A good photographer will look for stories. It’s the stories that separate snapshots from a good image. It’s easy to see this as a prerequisite for street photography and documentary photography, but landscapes too have a story that lasts for thousands of years.
Many photographers forget about the story, a flick through Instagram should be enough to convince you of that. For me, the story or even the representation of emotion is the difference between a good photo and a great photograph.
Empathy
Understanding what other people are feeling is an essential quality for portrait photographers, but it is also the quality that helps us to recognise the stories in a composition that will resonate with other people.
It’s this quality that enables great advertising photographers to come up with stunning work that grabs our attention. It’s the quality that enables a good portrait photographer to evoke all the right emotions in the pose of the model and ultimately the viewer.
Creativity and Imagination
When we create a good photo, we often have an idea of the type of image we are looking for. This is about creativity and imagination. A good photographer will have an idea that they want to turn into an image. The art of producing good photography is often a combination of technical skill, creativity and imagination.
Examples of this are unusual angles of familiar objects. Mixing and matching influences from different genres. One of my best shots this year was a picture of the chefs from a restaurant I had been commissioned to photograph.
Instead of the standard shots of chefs working in the kitchen, I got them to pose like rappers, arms folded, staring moodily into a wide-angle lens.
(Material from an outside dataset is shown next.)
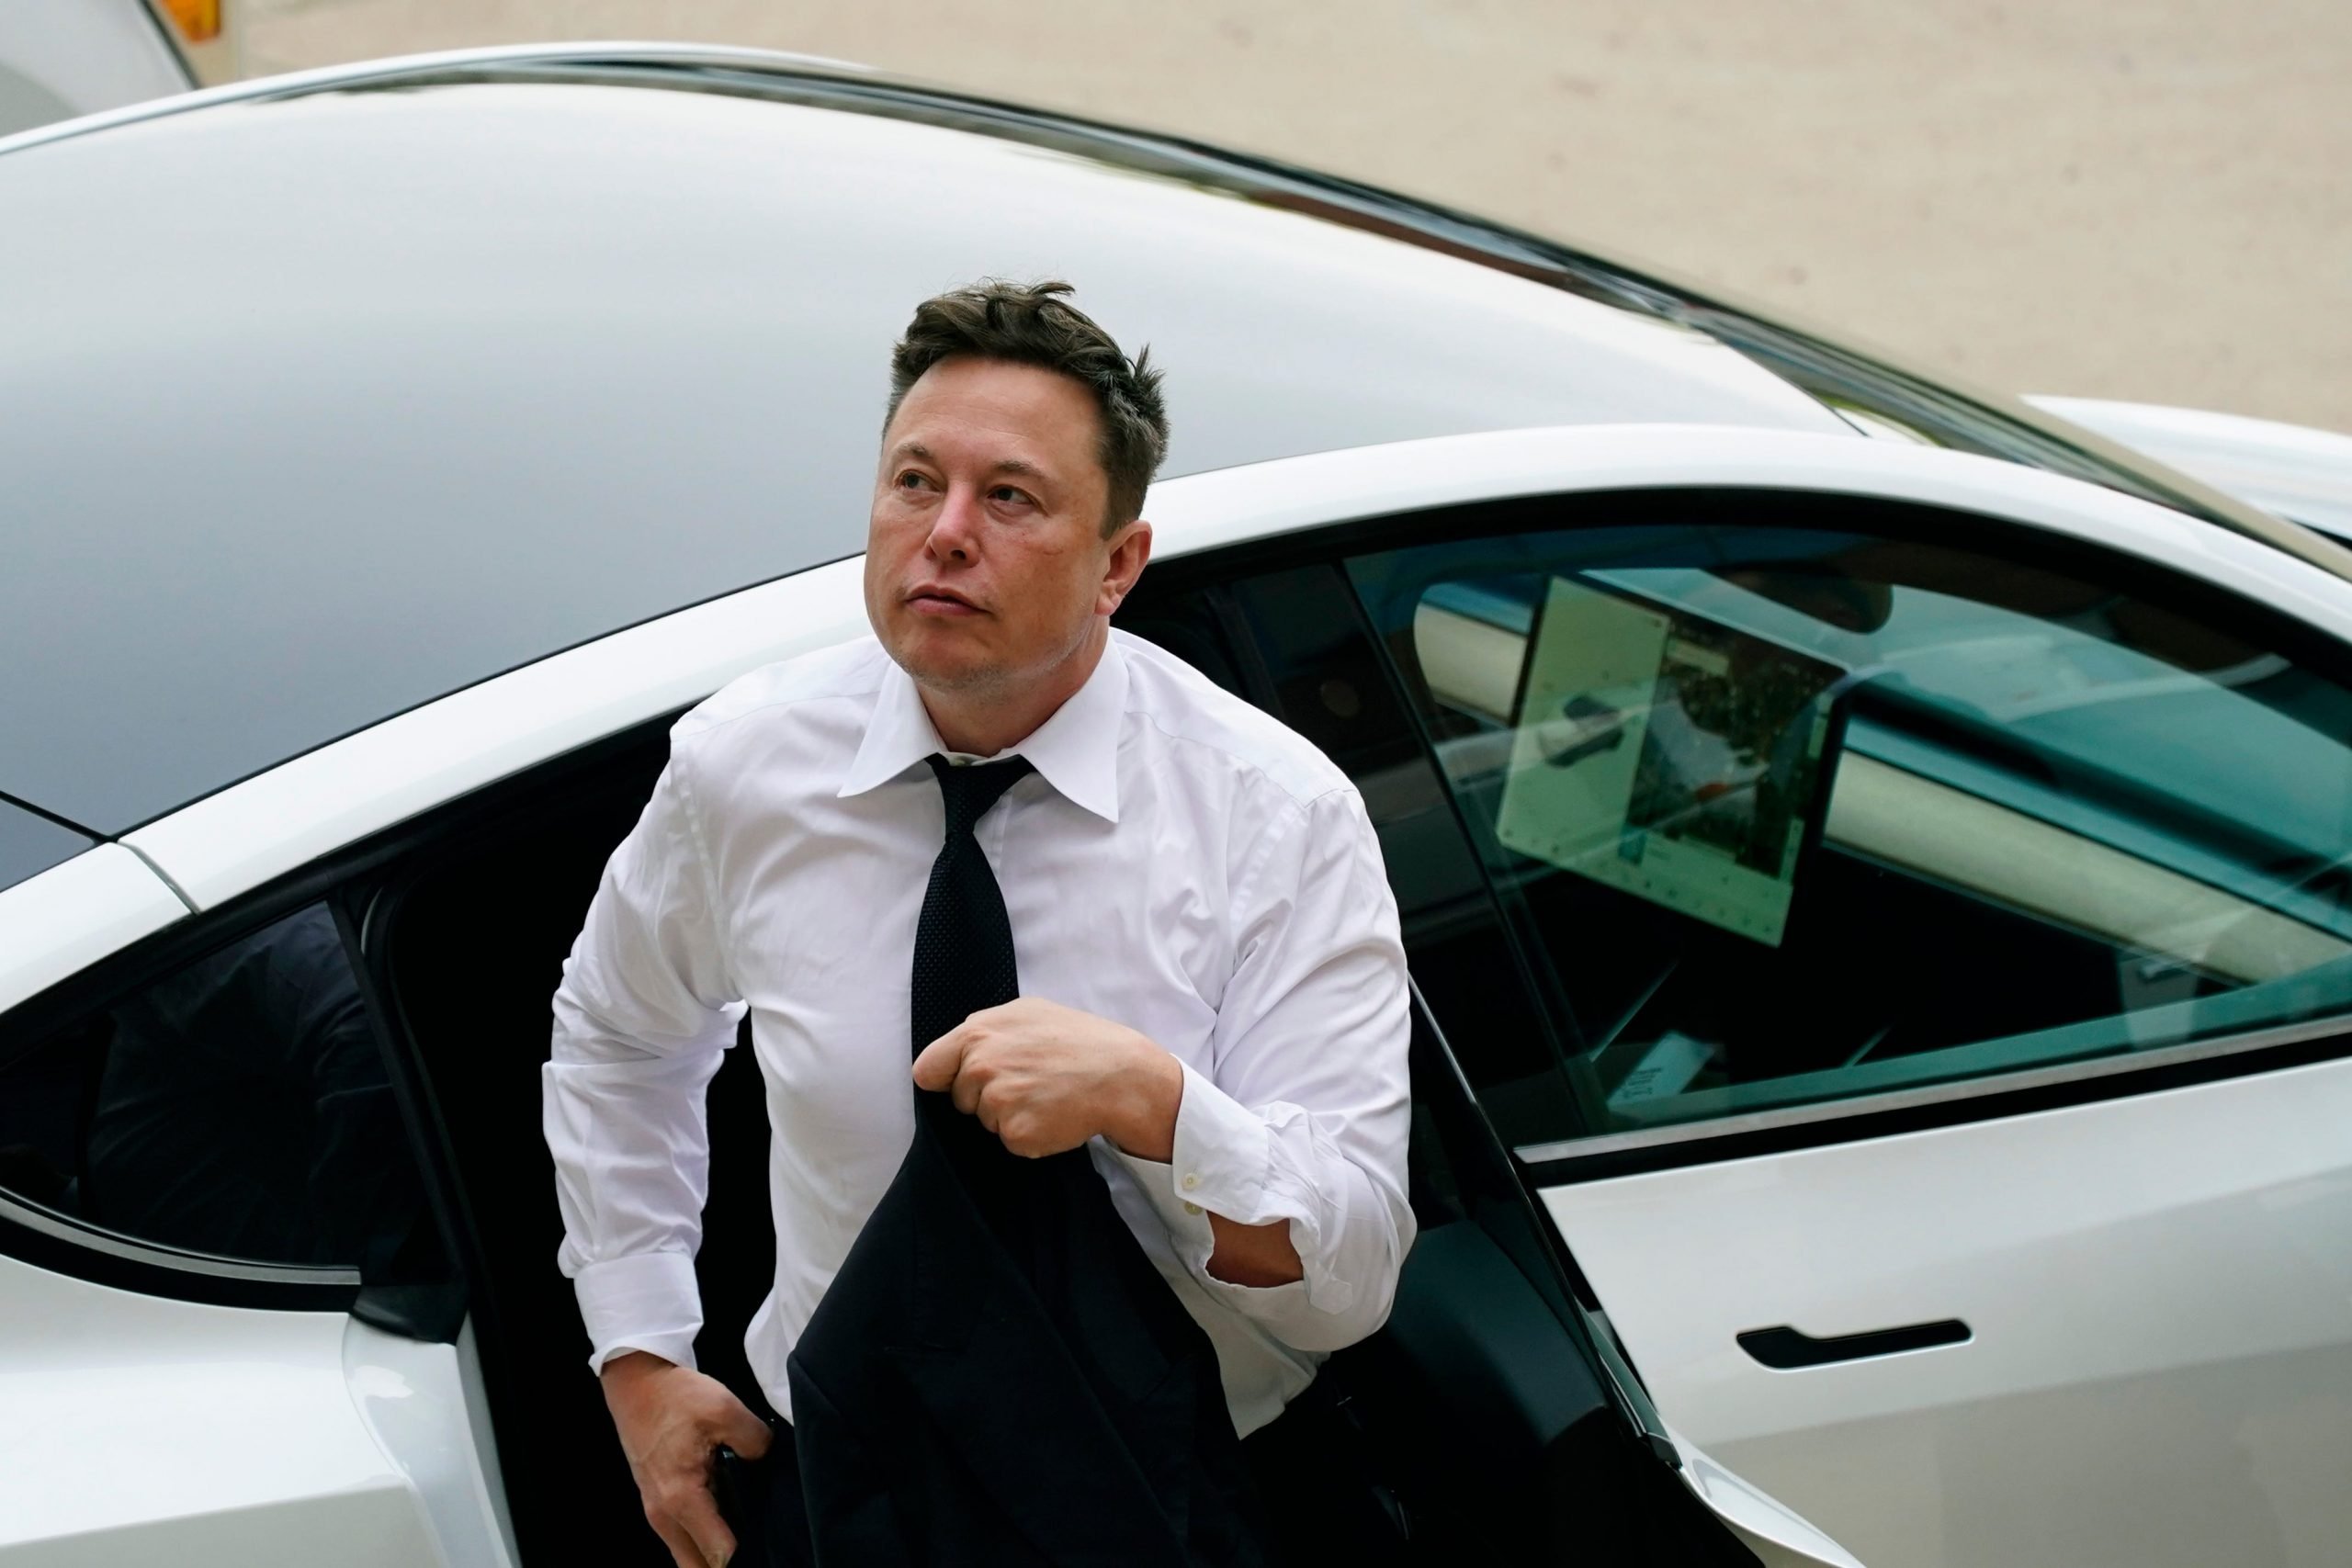 Tesla CEO Elon Musk in a white shirt and tie exits the backseat of a white Tesla

I took the shot from a low angle to make them look more imposing and processed it in black and white with dark shadows and a moody atmosphere.
The result was an attention-grabbing image that broke all the rules for restaurant photography.
Eye for Detail
I’ve never met a successful photographer who didn’t possess a sharp eye for detail. In landscape photography a good photograph can be about waiting for clouds to move, people to move into or out of the frame. In product photography, it’s about the minute movement of the components of a composition to make sure that the viewer’s eye is drawn to the right place in the photograph and that nothing in the image distracts from the object being sold.
Patience
Patience is probably the defining quality across all photographic disciplines that enables a good photographer. Good photography is about preparation, time and the will to go again if things don’t work out. Creating a good photo is about creating the space and the time to take photographs in, to get in the zone without distraction. Many photographers lack patience and it most often manifests in their photography as a composition being not quite right.
Decision Making
I’ve come to the conclusion that you can have all the technique and equipment in the world and still make poor photographs. The thing that separates the amateur from the professional photographer is the ability of the professional to reliably get the shot, regardless of conditions. This is all about decision making based on experience.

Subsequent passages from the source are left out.